Initially the setup didn't had a name. After a while I was thinking at "Luxury Garden". Now I'm confused .

Here are the photos in their chronological order (yy/mm/dd):

080511


080525 


080601


080615


080629 


080714 


080727


080804 


080824- with some side views to get an idea about the depth of the aquarium
 ....  

To be continued !


----------



## kiwik (Apr 3, 2007)

the driftwoods in the middle look awkward IMO, but maybe it'll come out nice when the moss fills in. the little bunch of hair-grass-looking plant in the middle of the marsilea is also a bit weird, but overall your plants are very healthy and clean. Your fishes and shrimps should be very happy.


----------



## redstrat (Apr 3, 2006)

I really like the progression photos it really gives an interesting perspective on your tank. The way you're taking advantage of the corner tank to illustrate depth is very refreshing and inspiring. It looks as if there are many layers that spark interest. keep up the great work!!


----------



## cpark188 (Jul 25, 2008)

The layout is fascinating and many interesting effects are achieved with this corner tank. Beautiful planned and keep up your great work and thanks for sharing with us.


----------



## inareverie85 (May 5, 2008)

Lovely corner tank! Thank you for sharing


----------



## Liviu (Aug 24, 2008)

Thank you all for your comments (and critics  ). I'm looking around here and I realize I have so much more to learn about aquarium aesthetics. 

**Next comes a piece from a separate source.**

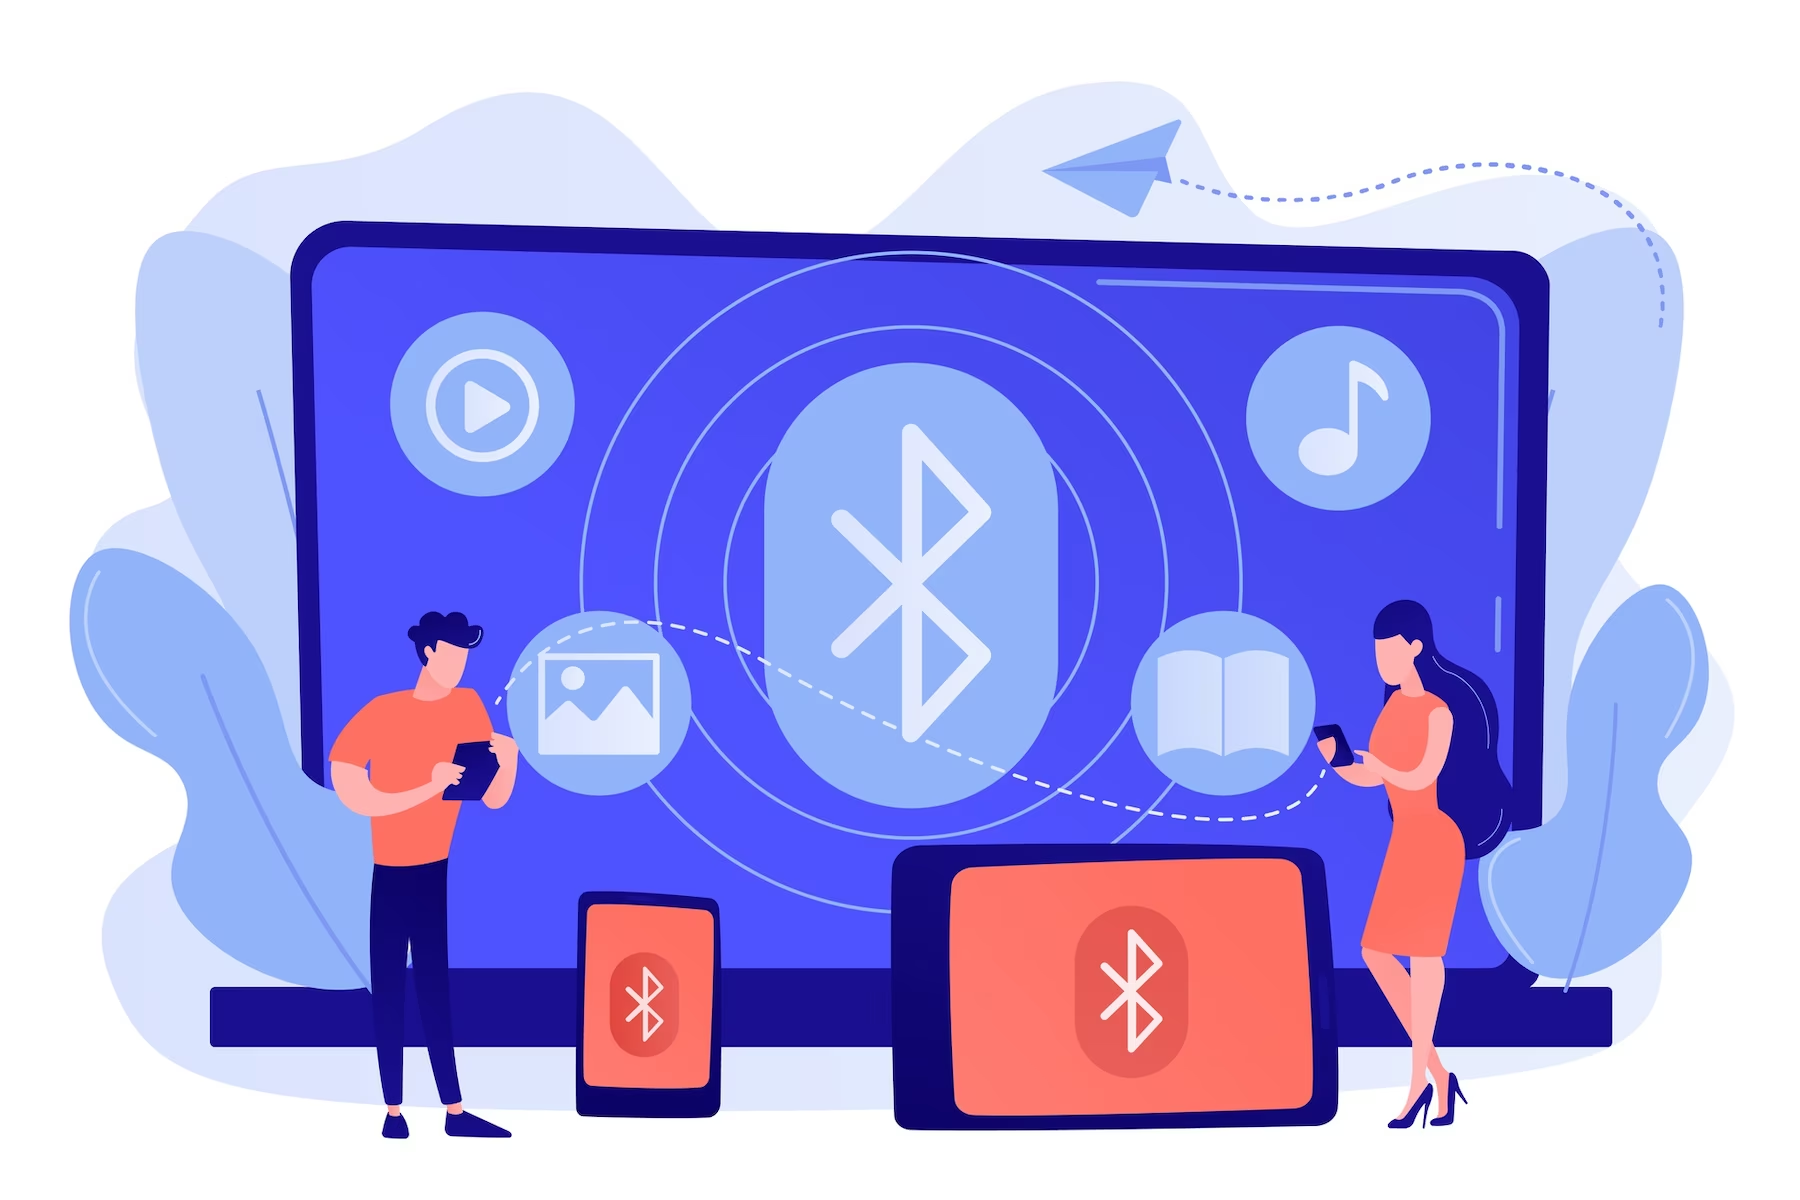 Balises Bluetooth : comment elles fonctionnent et ce qu’elles peuvent faire
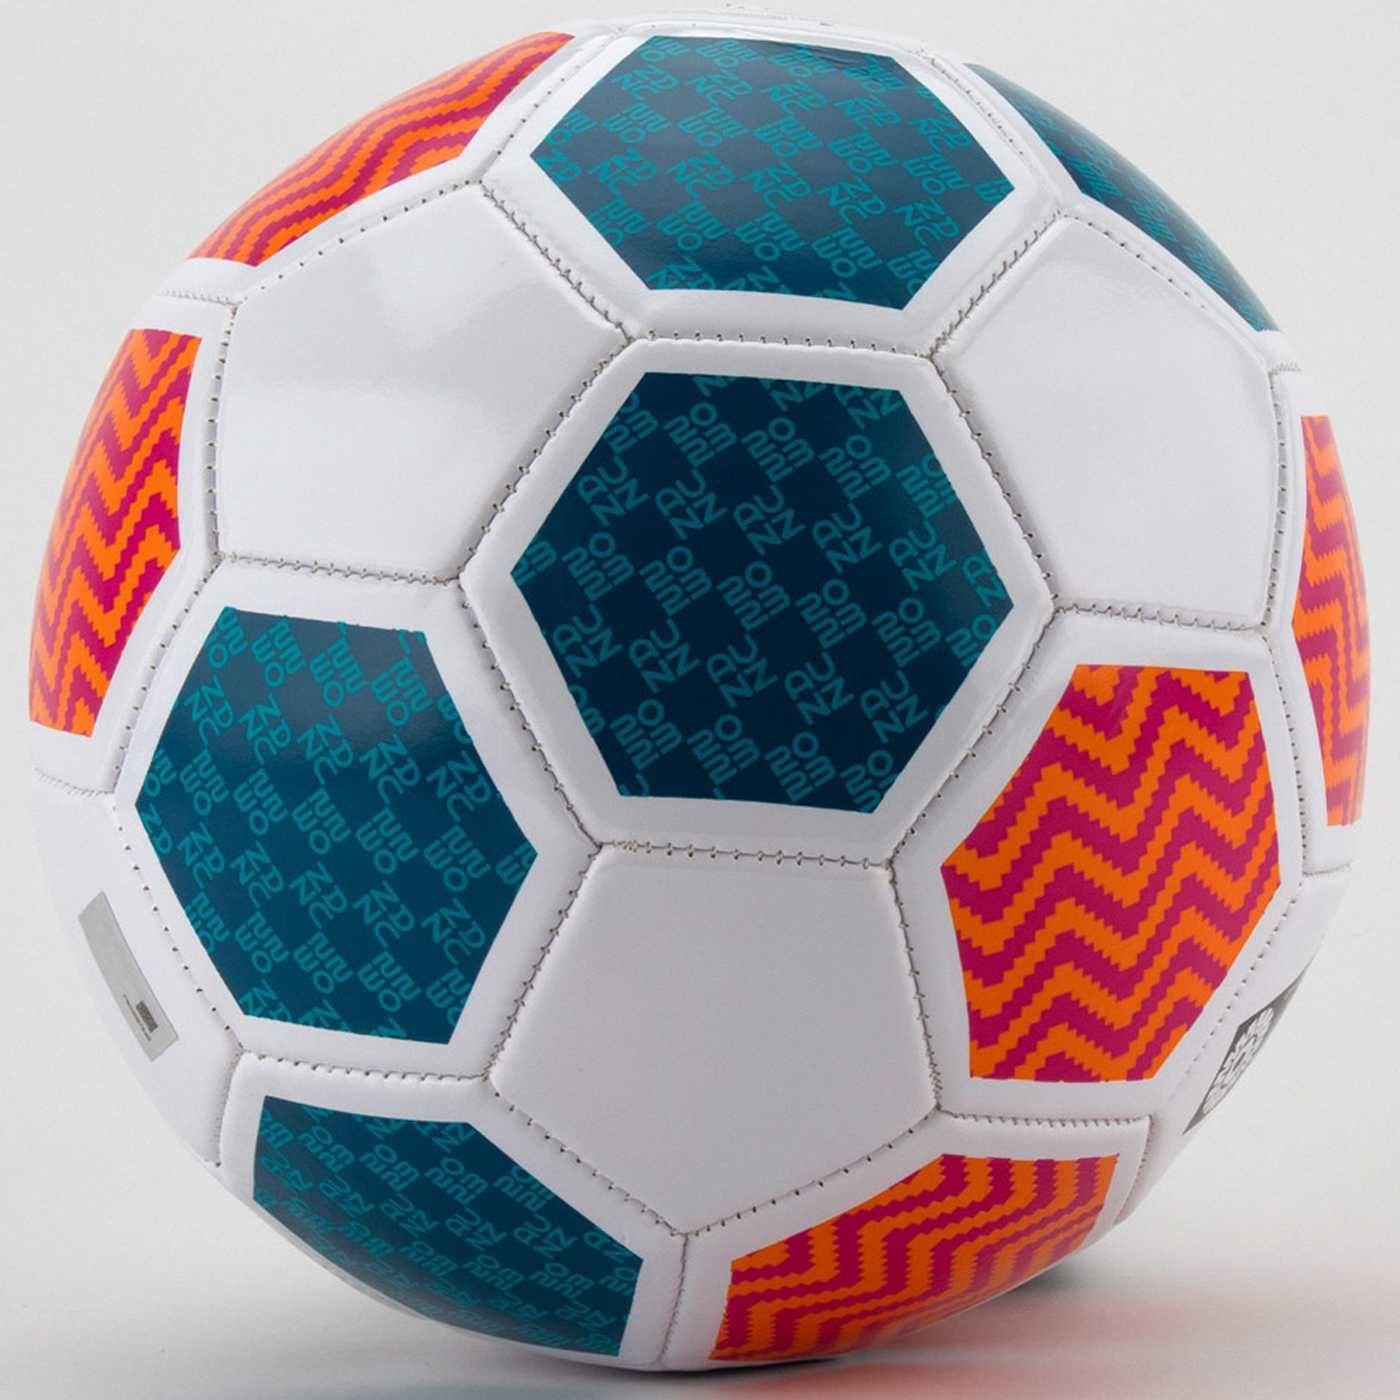 Oficjalna piłka nożna FIFA do nogi mistrzowska WWC rozmiar 5 lekka

The truth is that I've worked very hard to keep the aquarium healthy and clean and I still work on it every day to keep it that way. I have to trim a little the plants, to add RO water (I'm loosing about 5 liters each day because of the coolers) and to add liquid fertilizers. 
I'm fighting some algae now and then but nothing too serious.

For the moment I'm very proud of my little nature corner and I hope I'll start soon also a second project (I still have to convince my wife to allow me to install another glass-box in our living  ).


----------



## Liviu (Aug 24, 2008)

Here is a small update. The photos are taken on September 21st.

Here is the regular view, 1 meter away from the tank:


And here is the view from the sofa, 2.5 meters away (the sides of the aquarium are acting like mirrors and the view is totally changed):


----------



## orlando (Feb 14, 2007)

Great looking tank..How do you get your Hygro Kompact to stay so small?
I cant get to stay smaller then a basketball. It grows so fast and huge I found it difficult to keep up with..
But you make it look perfect!


----------



## Liviu (Aug 24, 2008)

Well, I really can not answer that . It is just staying small. I'm pruning now and then the old leaves that are showing signs of regres but otherwise it is just staying low. 

Theory one: Maybe I've got some sort of subspecies that is intended not to grow too tall.

And the second one: Having many plants species in the aquarium, maybe the Hygro compact are just "starving" among other plants. 

I'm fertilising using estimative index and I'm changing weekly about 40% of the water.


----------



## mcsinny99 (Sep 2, 2008)

Great looking tank! I'd widen that "path" a little maybe, or not?
Wish mine looked that good


----------



## Bunbuku (Feb 10, 2008)

Very nice tank. One question though when I click the link for your pictures, I get the large picture plus some peachy "surprises" at the top the the screen. BTW, the cherries (the invertebrate ones) look nice too.


----------



## Liviu (Aug 24, 2008)

I saw also those "peachy surprises" one or two times .. maybe is the hosting sponsor .. I have no ideea. I'll change the hosting server, I really don't want any "surprises" to interfere with my photos . 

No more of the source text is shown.